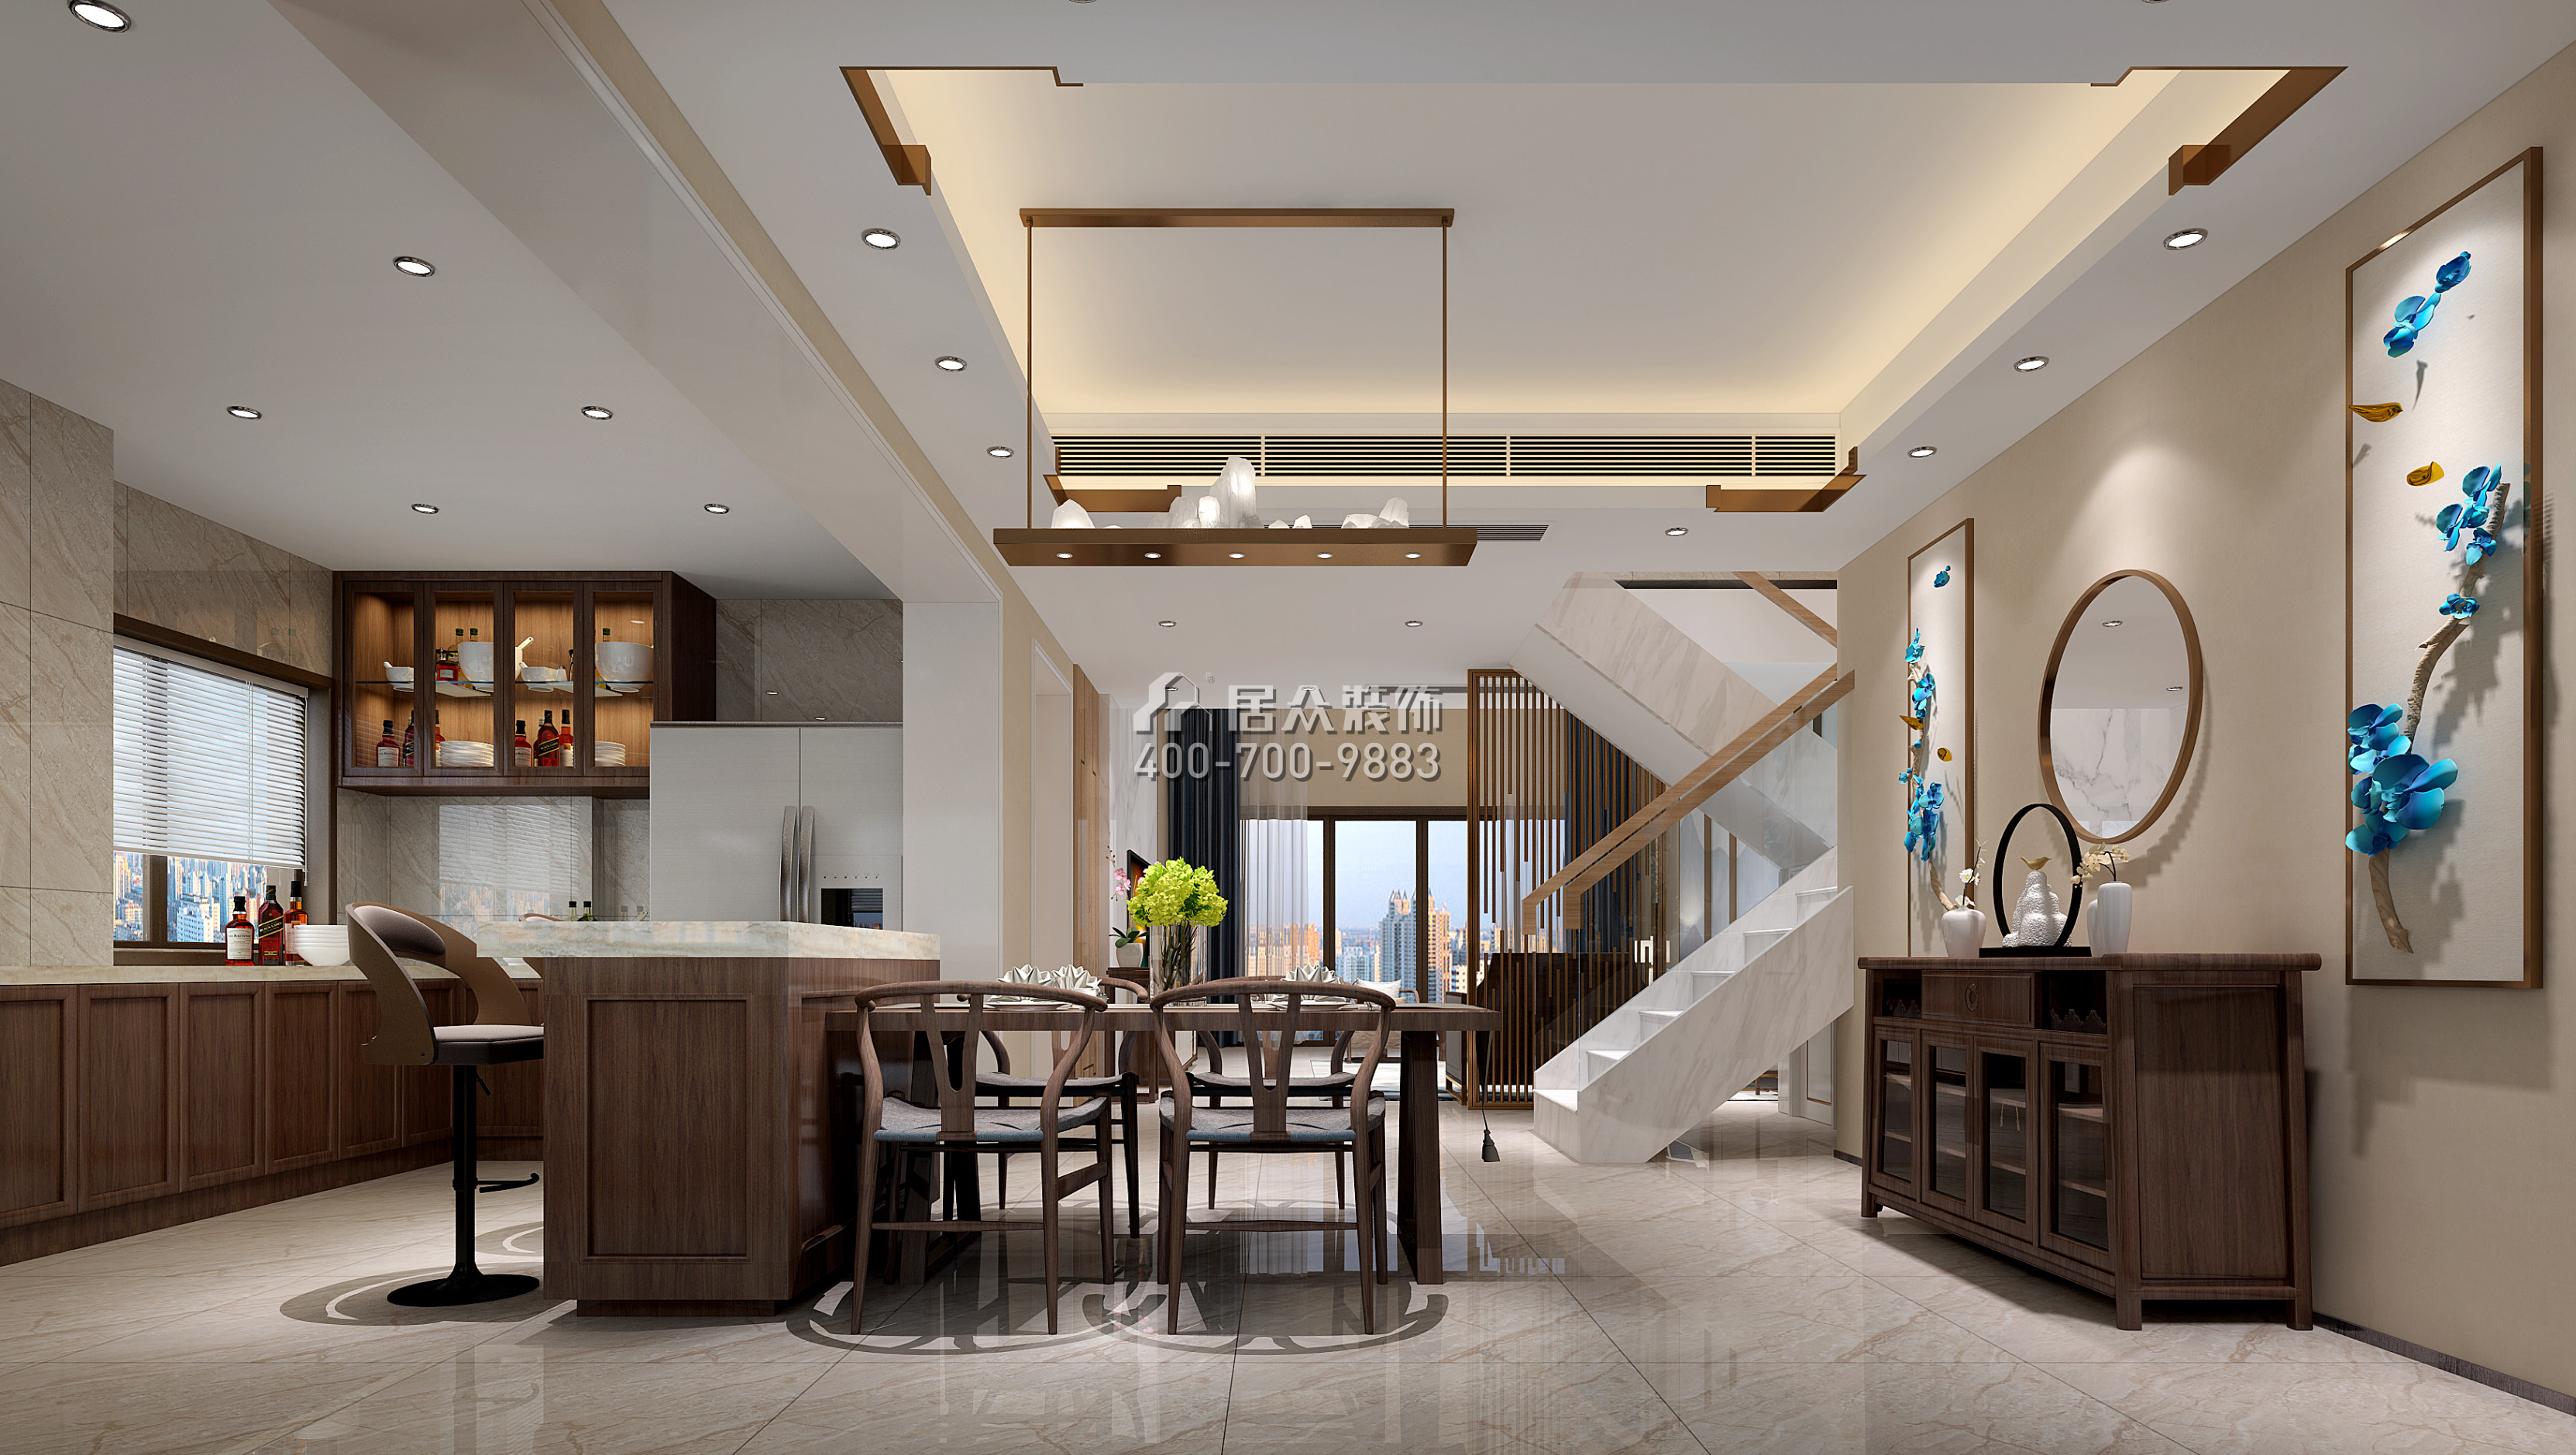 星河丹堤242平方米中式风格复式户型餐厅装修效果图
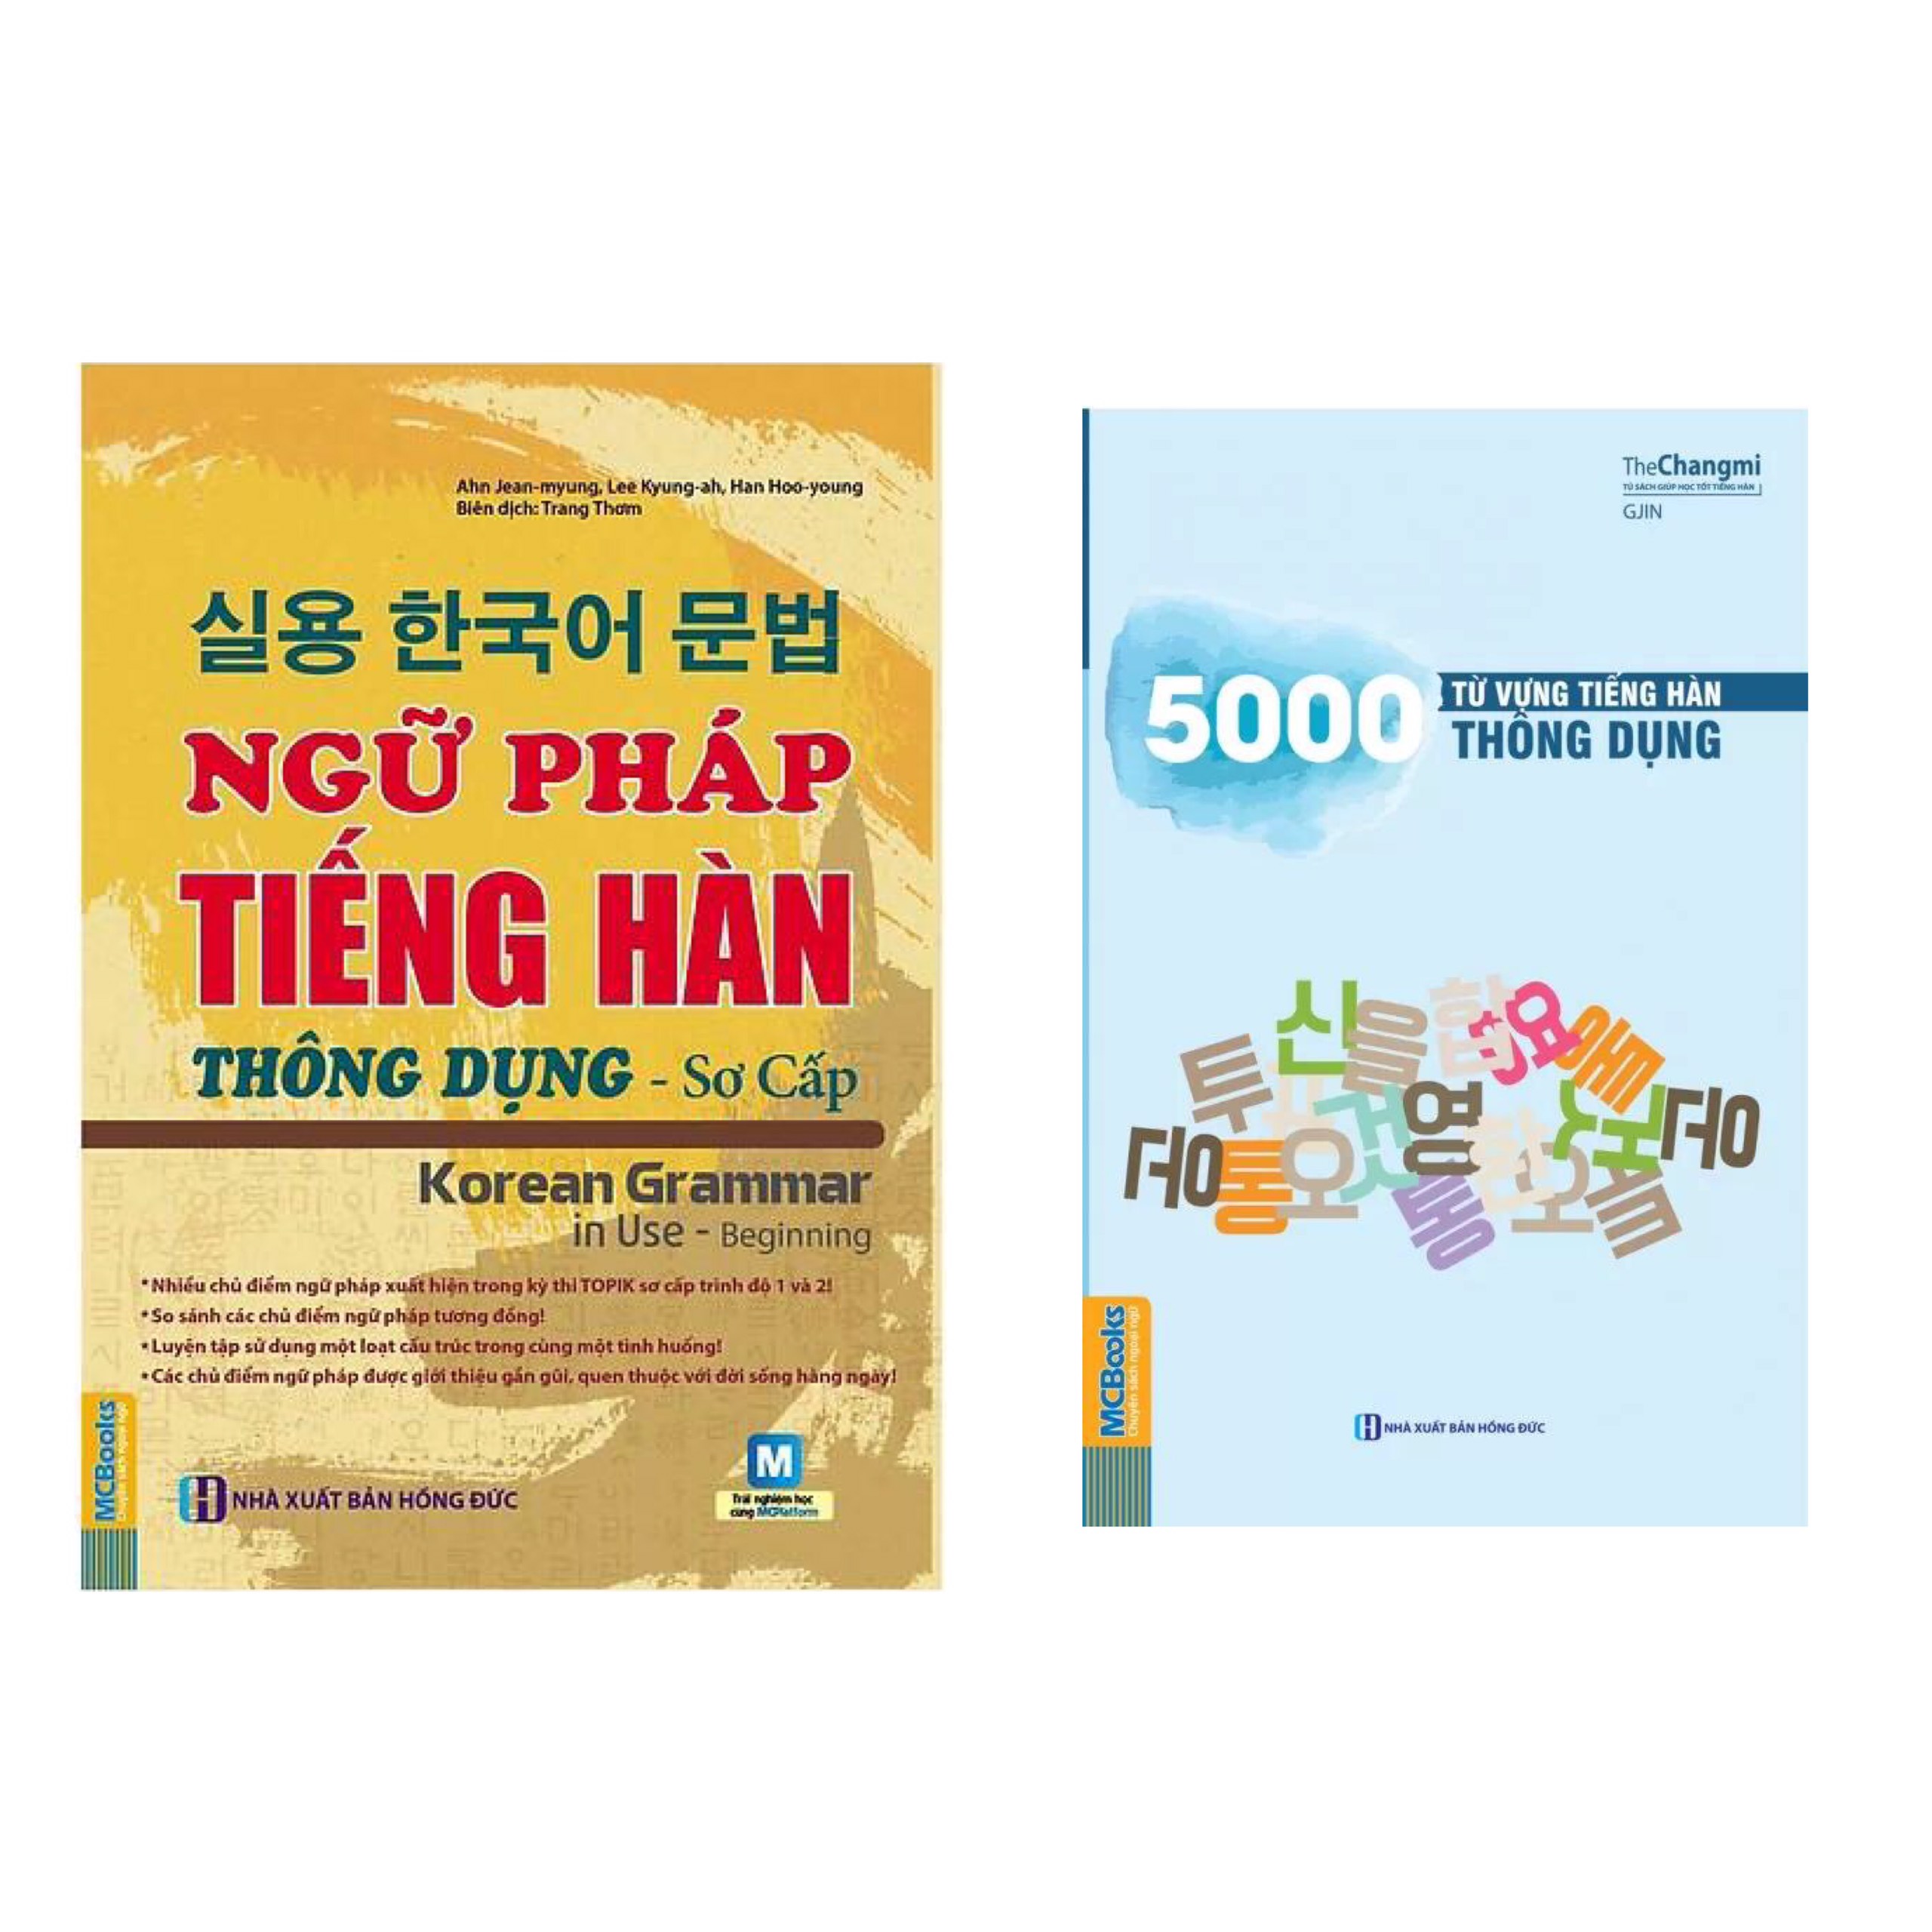 Combo Sách Học Tiếng Hàn: Ngữ Pháp Tiếng Hàn Thông Dụng - Sơ Cấp (Dùng APP MCBooks) + 5000 Từ Vựng Tiếng Hàn Thông Dụng / Sách Học Ngoại Ngữ Hay (Tặng Kèm Bookmark Thiết Kế Happy Life)
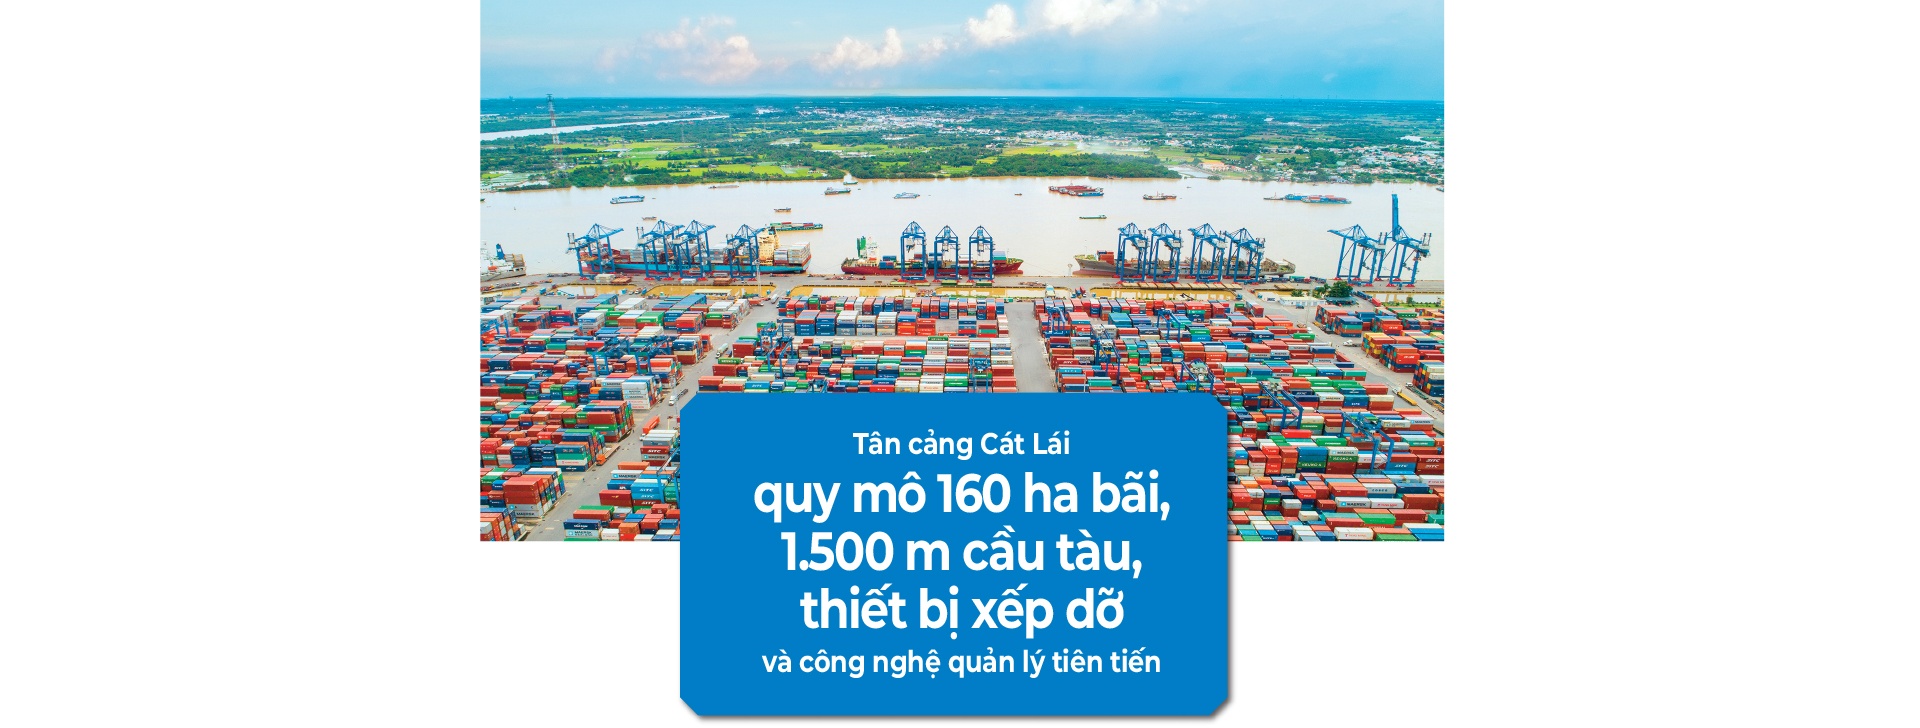 LONGFORM: Cảng biển TPHCM – Vai trò quan trọng thúc đẩy phát triển kinh tế đất nước

→ **TRY IT**: Would you output the full listing exactly as it stands, minus the images?

→ **SOLUTION FOR THIS PROBLEM**:
 星河丹堤242平方米中式风格复式户型餐厅装修效果图
 Combo Sách Học Tiếng Hàn: Ngữ Pháp Tiếng Hàn Thông Dụng - Sơ Cấp (Dùng APP MCBooks) + 5000 Từ Vựng Tiếng Hàn Thông Dụng / Sách Học Ngoại Ngữ Hay (Tặng Kèm Bookmark Thiết Kế Happy Life)
 LONGFORM: Cảng biển TPHCM – Vai trò quan trọng thúc đẩy phát triển kinh tế đất nước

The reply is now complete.